In this text, the perturbation theory of non-commutatively integrable systems is revisited from the point of view of non-Abelian symmetry groups. Using a co-ord
A Panoramic View of Riemannian Geometry
Language: en
Pages: 835
Authors: Marcel Berger
Categories: Mathematics
Type: BOOK - Published: 2012-12-06 - Publisher: Springer Science & Business Media

DOWNLOAD EBOOK

This book introduces readers to the living topics of Riemannian Geometry and details the main results known to date.

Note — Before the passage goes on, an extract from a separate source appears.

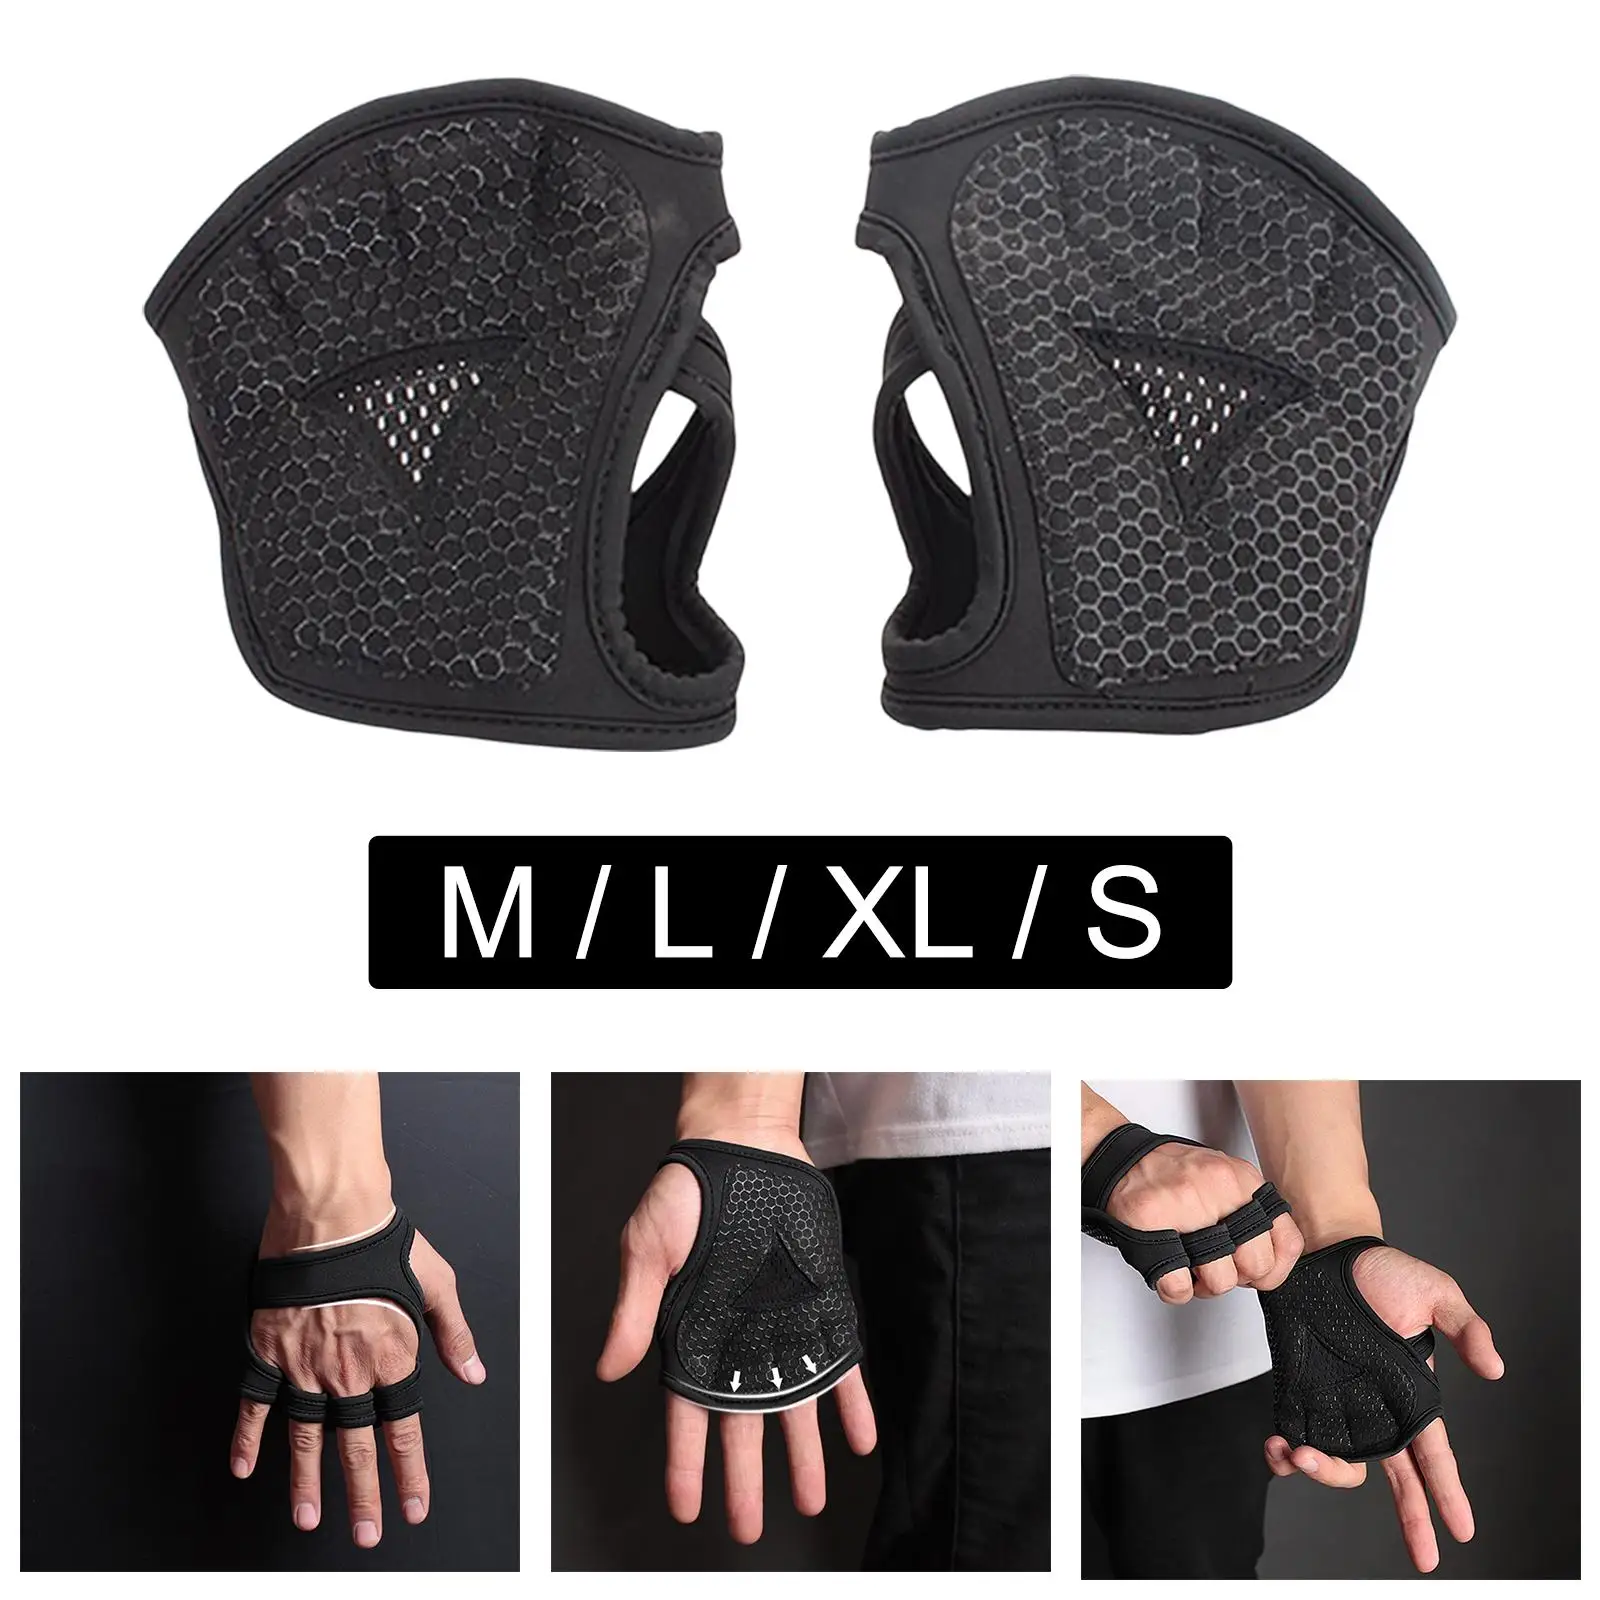 Workout Gloves Non Slip Half Finger Gym Exercise Gloves Palm Protection Men and Women Weight Lifting Gloves for Gym Fitness

The results are stated without detailed pro
Mathematische Werke / Mathematical Works
Language: en
Pages: 984
Authors: Erich Kähler
Categories: Mathematics
Type: BOOK - Published: 2011-07-13 - Publisher: Walter de Gruyter

DOWNLOAD EBOOK

For most mathematicians and many mathematical physicists the name Erich Kähler is strongly tied to important geometric notions such as Kähler metrics, Kähler
The Submanifold Geometries Associated to Grassmannian Systems
Language: en
Pages: 111
Authors: Martina Brück
Categories: Mathematics
Type: BOOK - Published: 2002 - Publisher: American Mathematical Soc.

DOWNLOAD EBOOK

This work is intended for graduate students and research mathematicians interested in differential geometry and partial differential equations.